Related Work & Insights¶
- vs DR4SR / DiffuASR: These methods rely on diffusion or learned generators for data creation, requiring extra models and expensive training; RSIR directly reuses the backbone, with zero external models, and outperforms them from the first round.
- vs STaR / Self-Rewarding LLM: Conceptually similar—model self-evaluation and self-training. RSIR replaces the "self-reward" in LLMs with recommendation-specific "user real sequence ranking consistency," and adds theoretical analysis.
- vs Insertion / Reordering: These heuristics cannot add new items, only reorder; RSIR can expand user interest boundaries and avoids noise via fidelity.

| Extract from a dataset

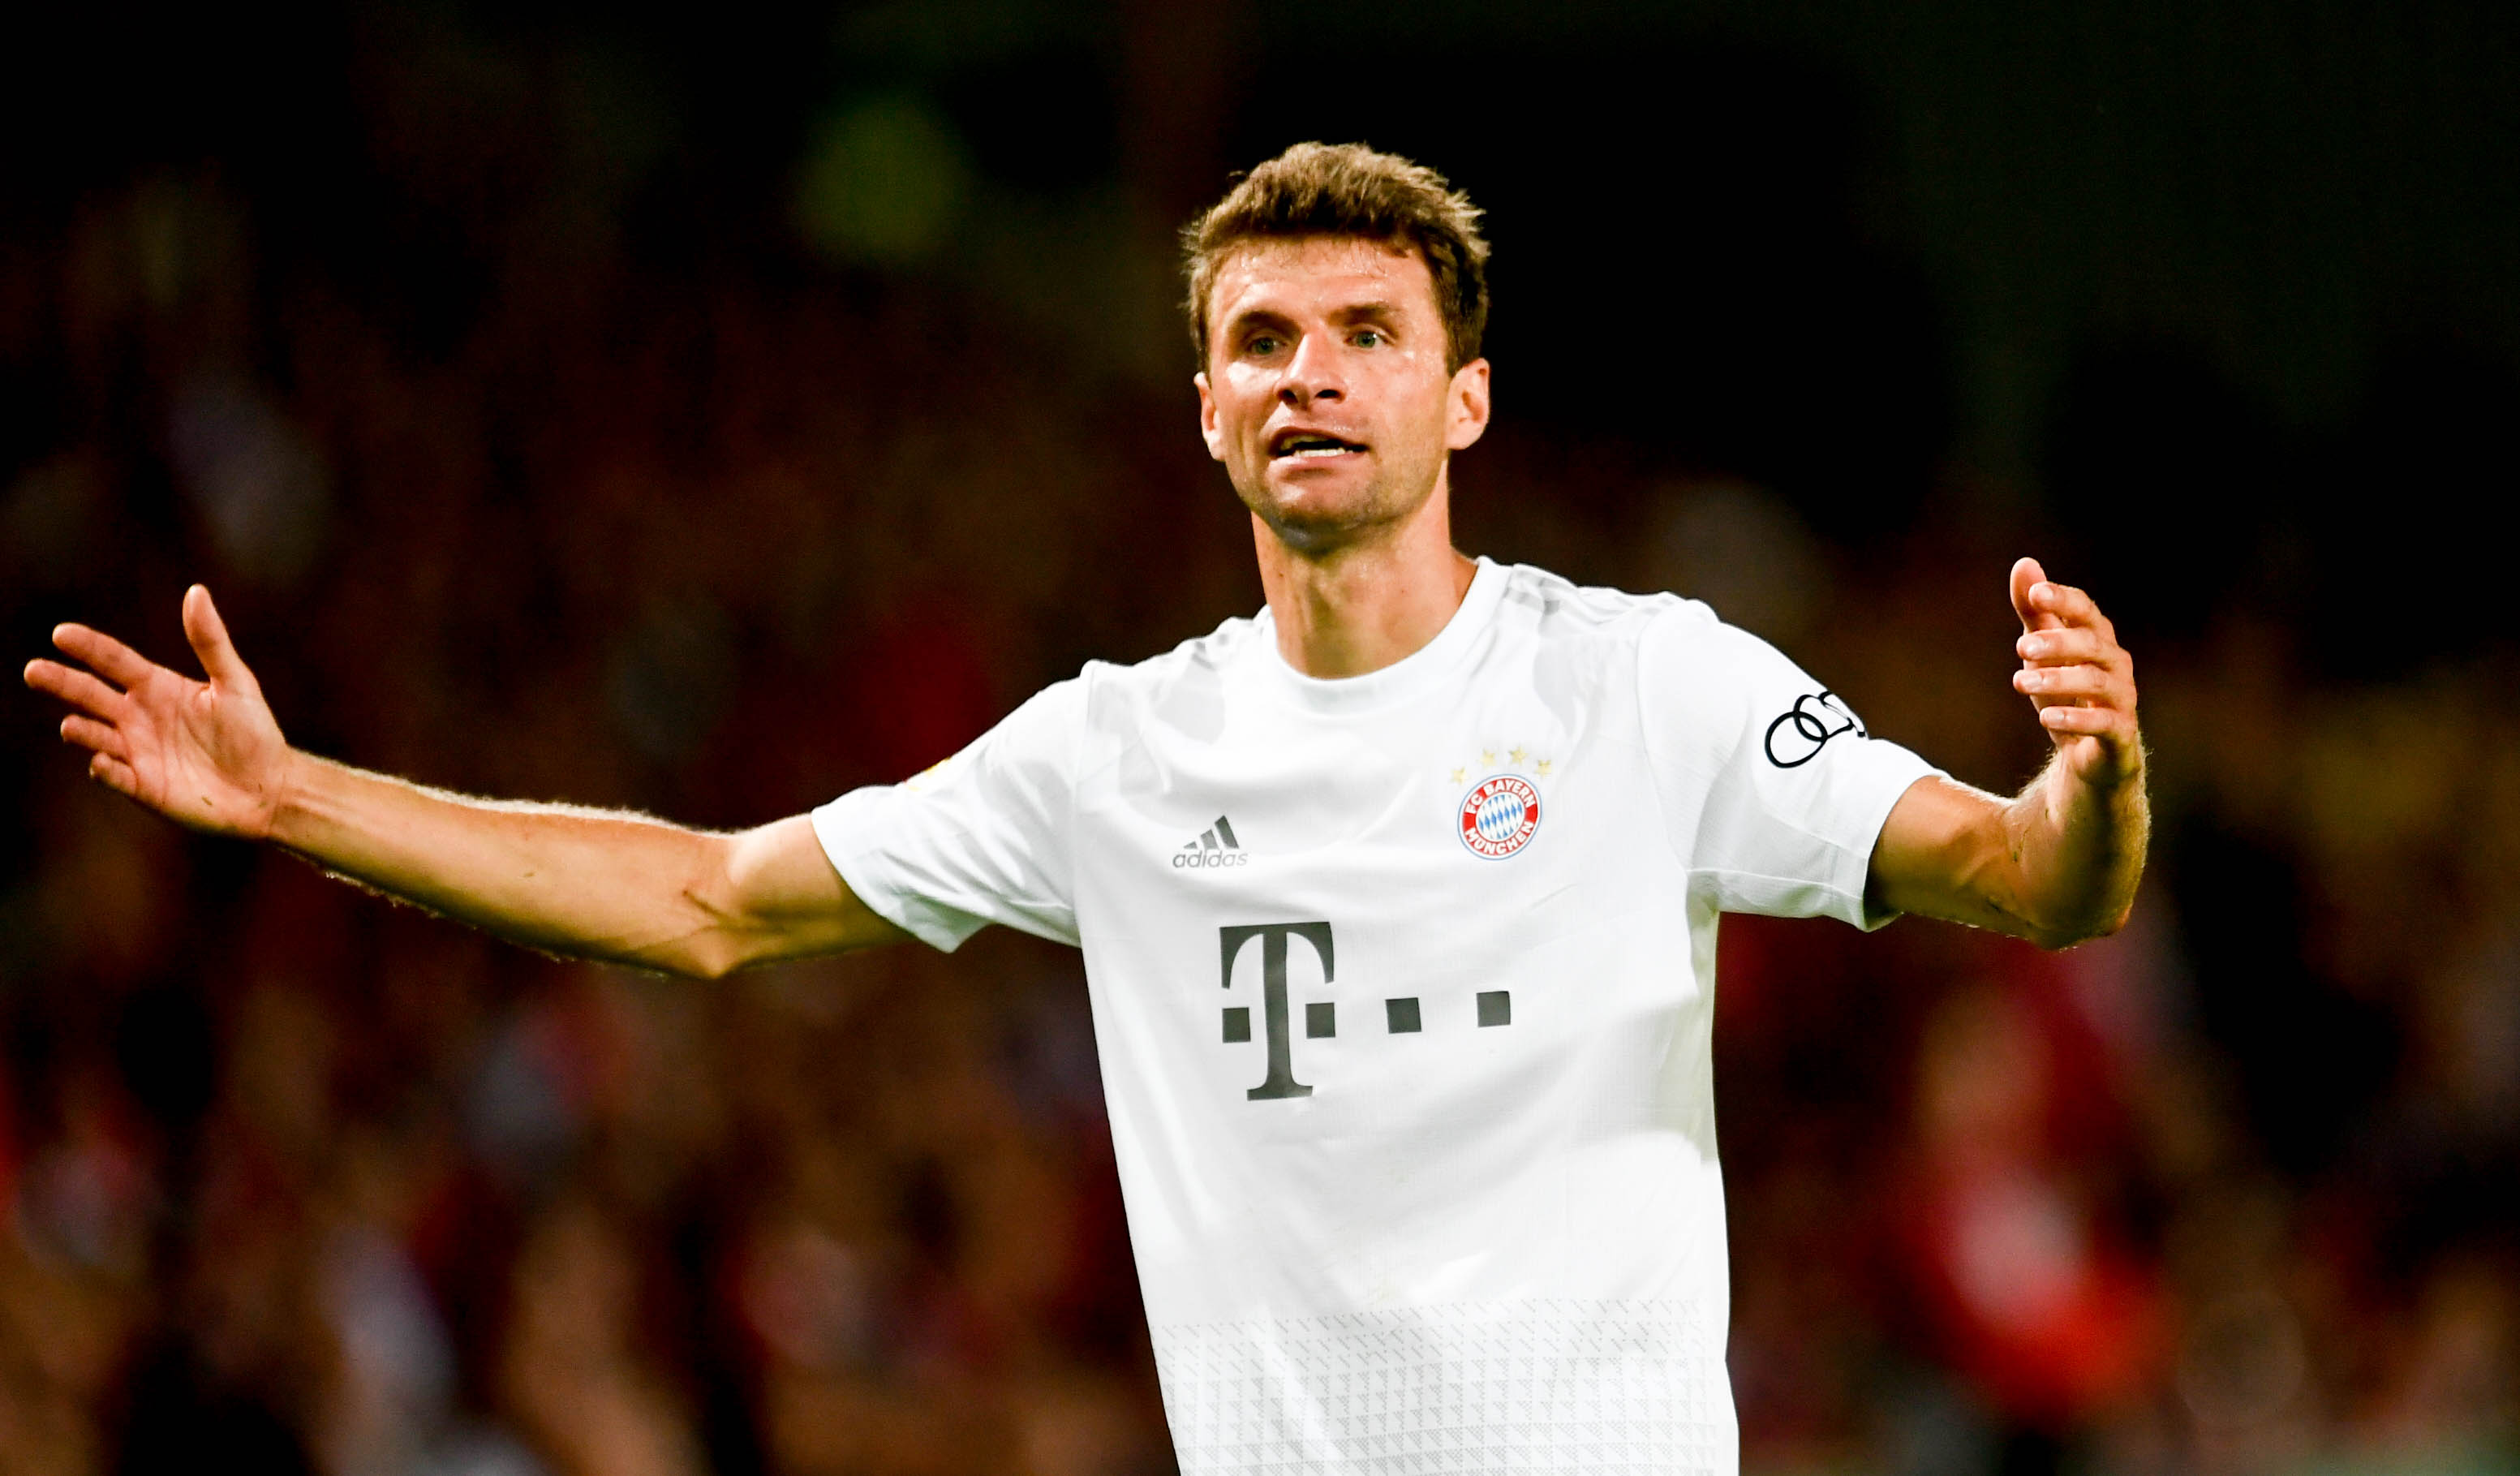 足球——德国杯:拜仁慕尼黑胜科特布斯

- vs RSIDiff / STEP (self-training generative models / video): Cross-modal evidence for the universality of self-improving; this work is the first to apply this paradigm to recommendation.
Rating¶
- Novelty: ⭐⭐⭐⭐ Cleanly transfers the self-improvement paradigm from LLMs/diffusion to sequential recommendation, with a manifold tangent space theoretical explanation; more original than "yet another data augmentation."
- Experimental Thoroughness: ⭐⭐⭐⭐ 4 datasets × 3 backbones × 5 baselines, multi-round iteration, ablation, weak-to-strong, runtime analysis; lacks industrial-scale datasets.
- Writing Quality: ⭐⭐⭐⭐ Clear logic, explicit correspondence between theorems and experiments, though some experimental details are relegated to the appendix.
- Value: ⭐⭐⭐⭐ Continuously improves recommendation without relying on external LLMs, with simple engineering (just a break condition), and is deployment-friendly.